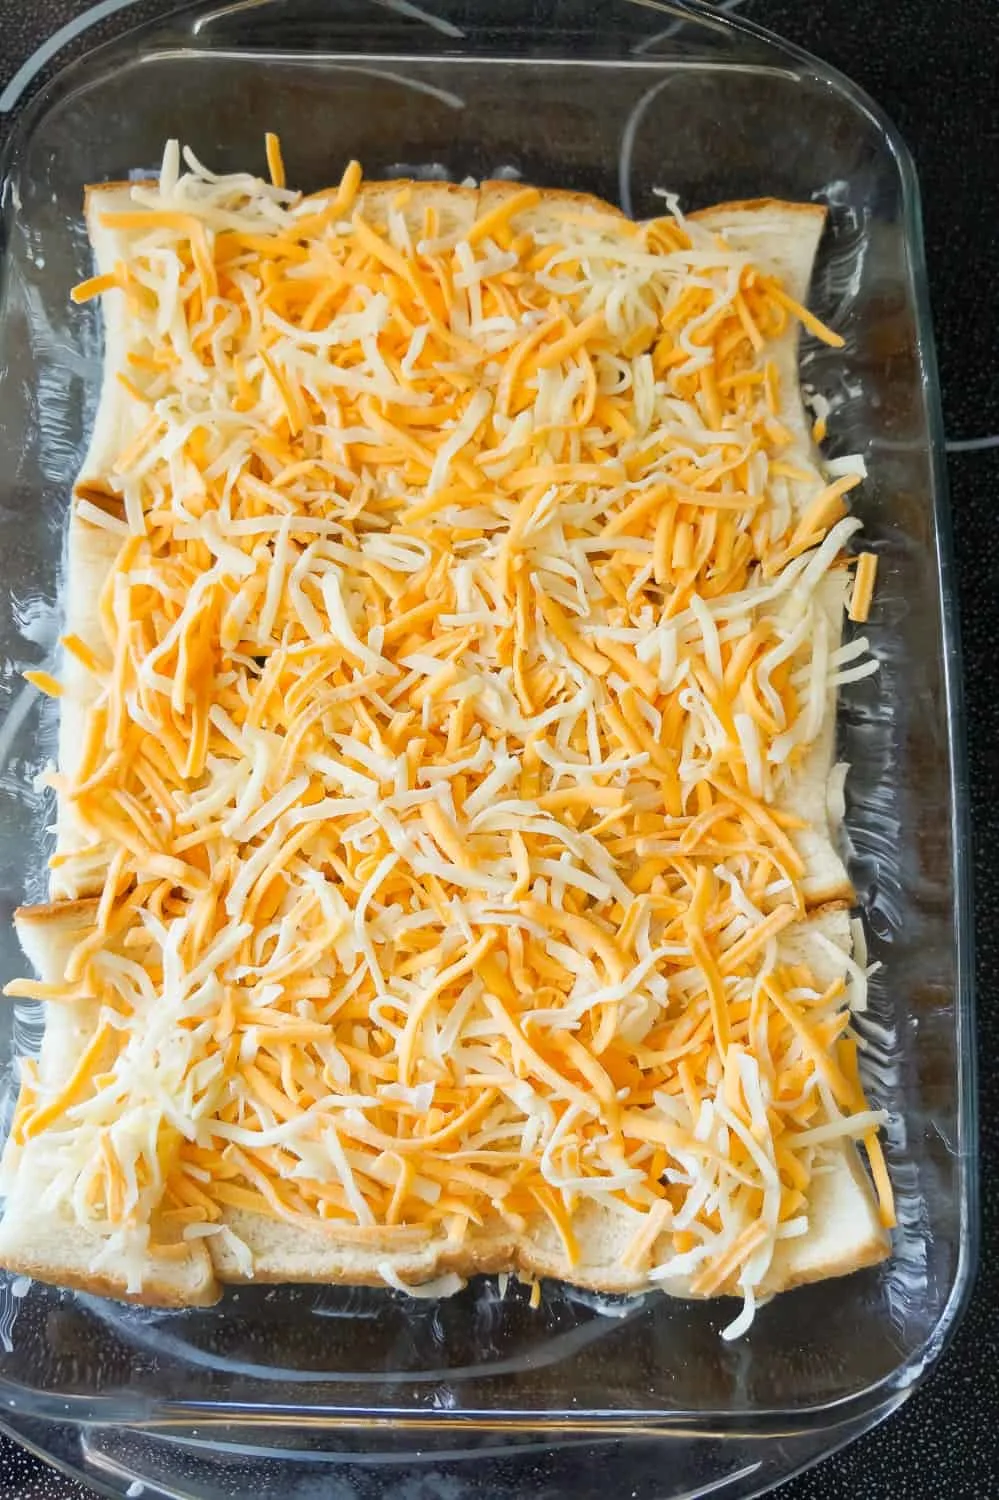 shredded mozzarella and cheddar on top of bread in a baking dish
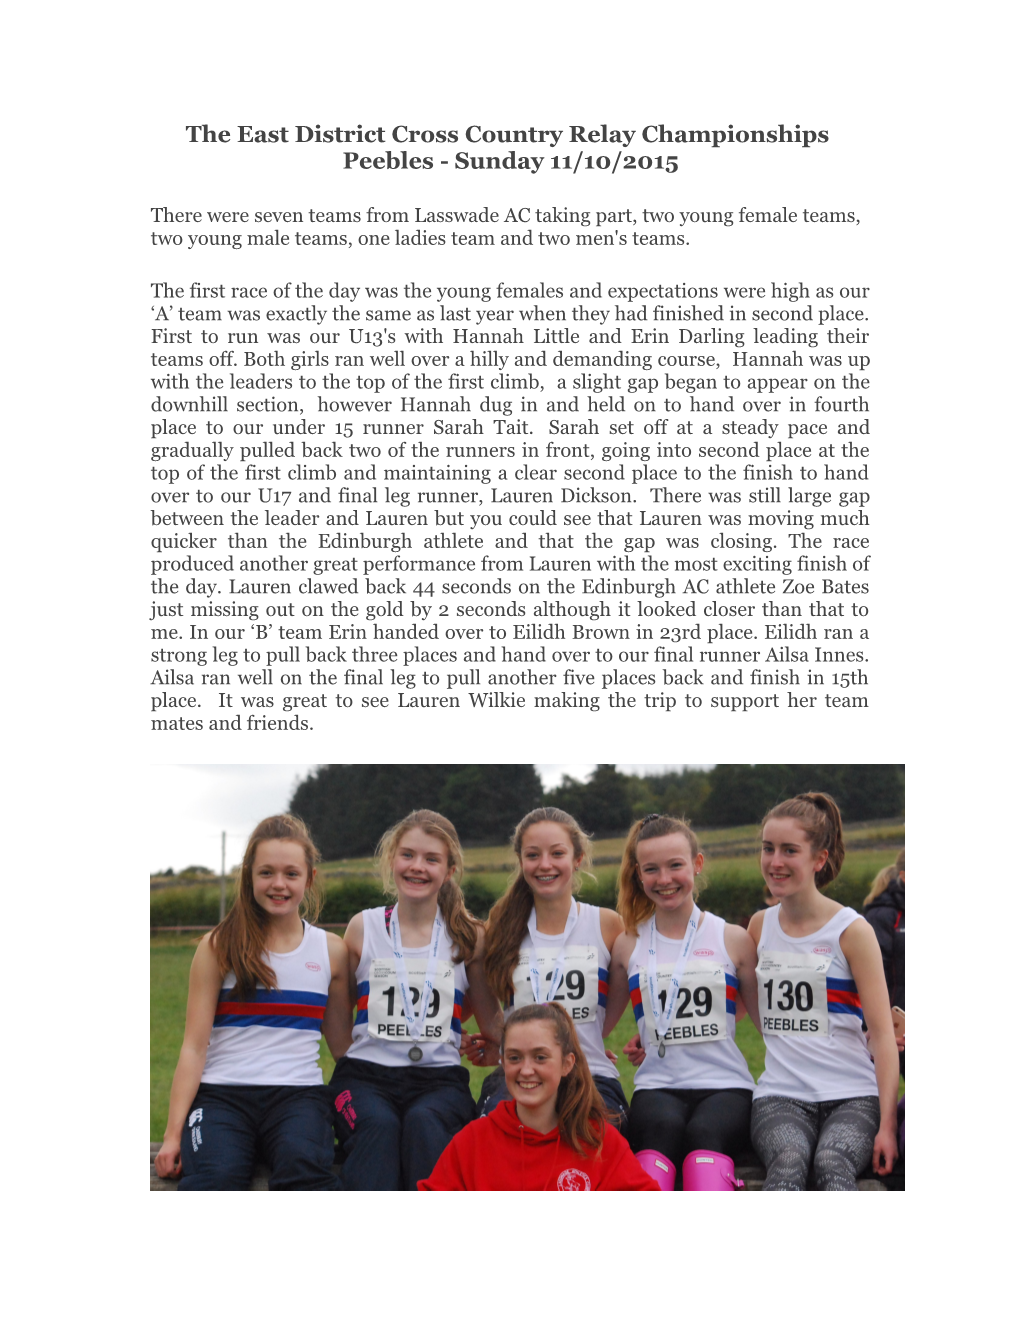 The East District Cross Country Relay Championships Took Place at Peebles on Sunday 11/10/2015
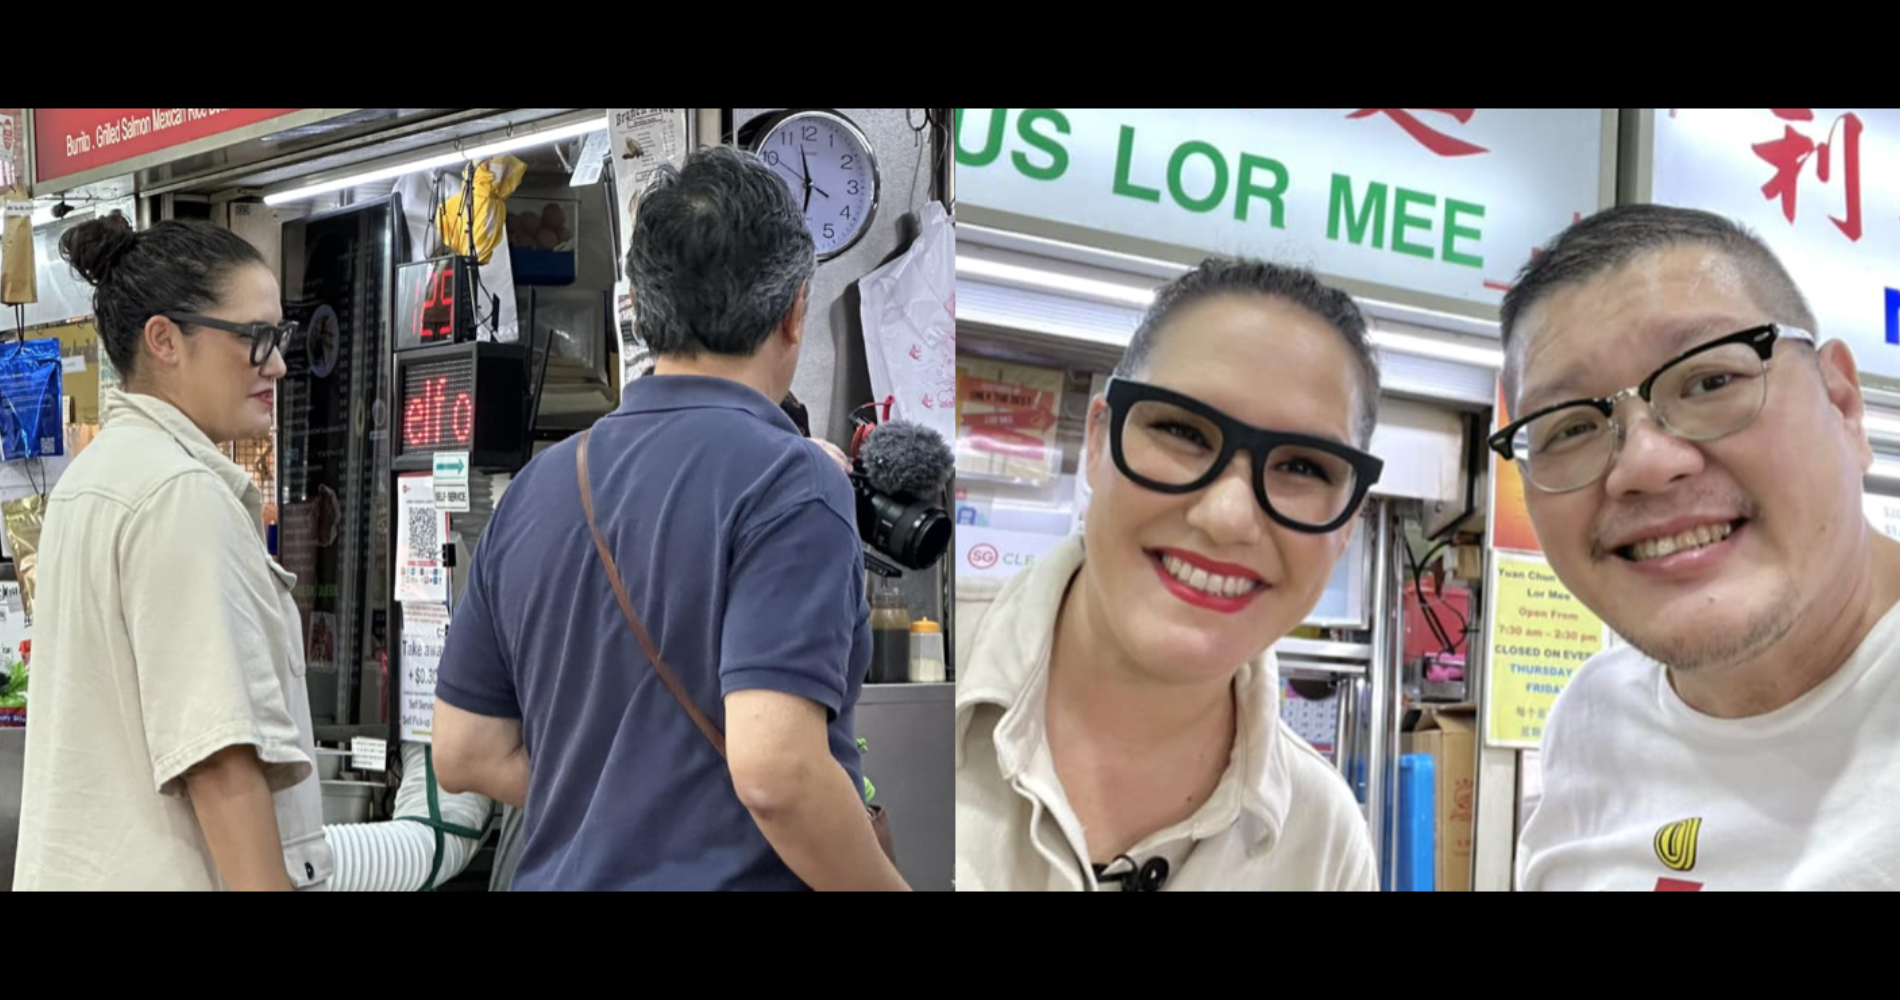 Yuan Chun Famous Lor Mee at Amoy Street Hawker Centre Attracts International Celebrity Chef Marion Grasby
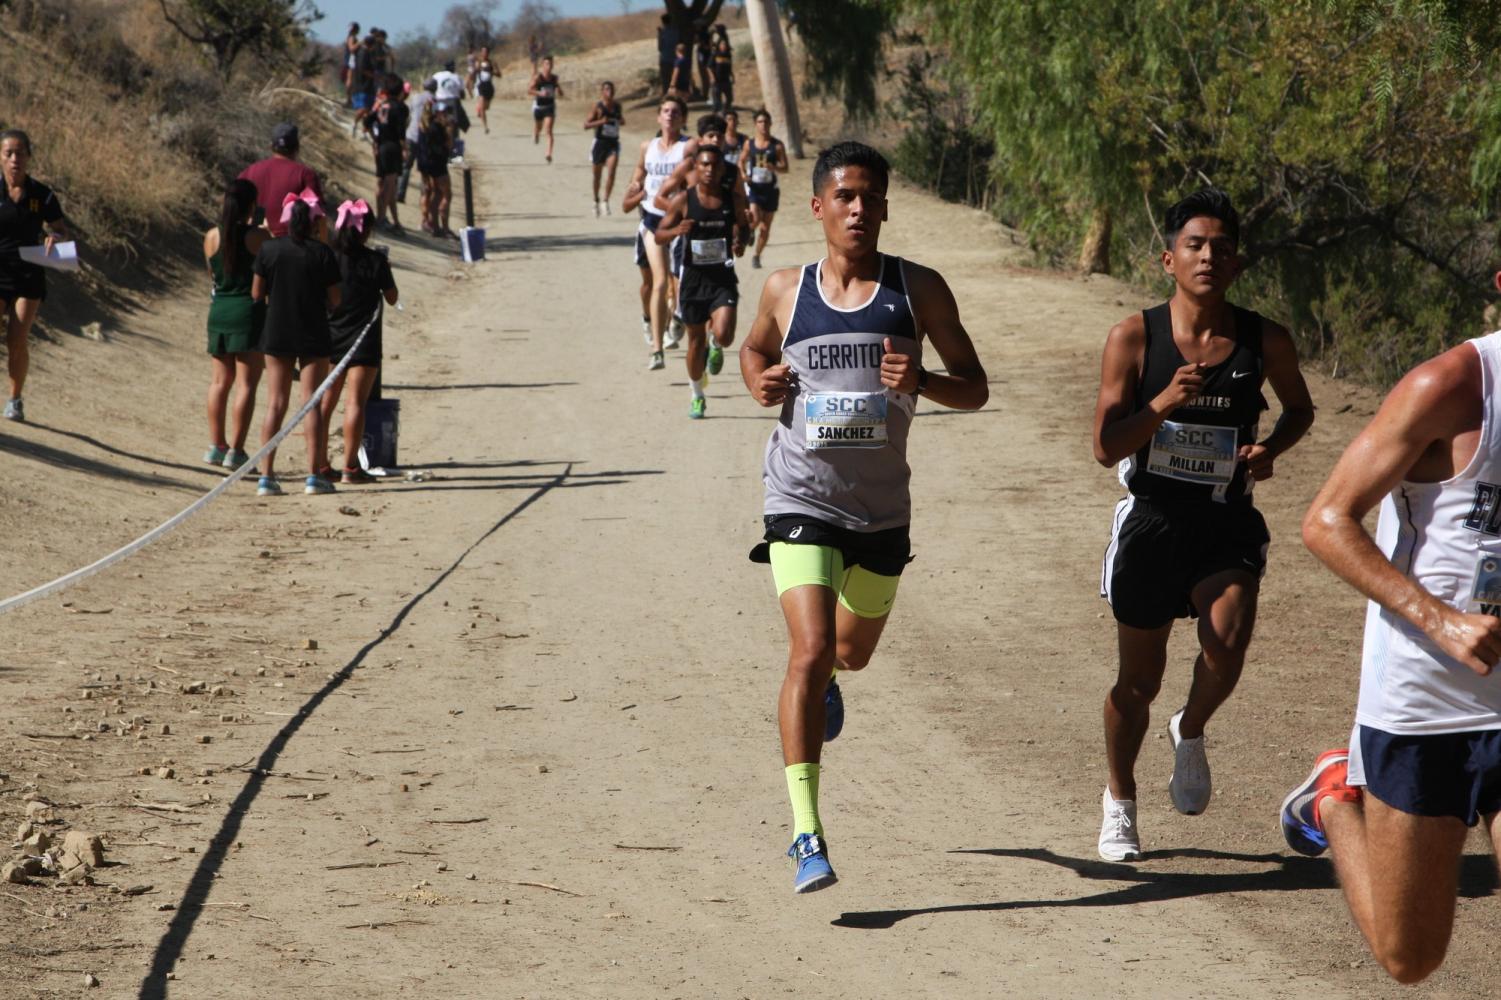 Falcons Abraxaz Sanchez coming down hill at the end of the course at Mt.SAC. Sanchez came in sixth place overall. Photo credit: David Jenkins
::::
### [Exercise description]
Before handing back the copy, remove the pictures; otherwise print the data exactly.

### [Result below]
 shredded mozzarella and cheddar on top of bread in a baking dish
 The East District Cross Country Relay Championships Took Place at Peebles on Sunday 11/10/2015
 Yuan Chun Famous Lor Mee at Amoy Street Hawker Centre Attracts International Celebrity Chef Marion Grasby
 Falcons Abraxaz Sanchez coming down hill at the end of the course at Mt.SAC. Sanchez came in sixth place overall. Photo credit: David Jenkins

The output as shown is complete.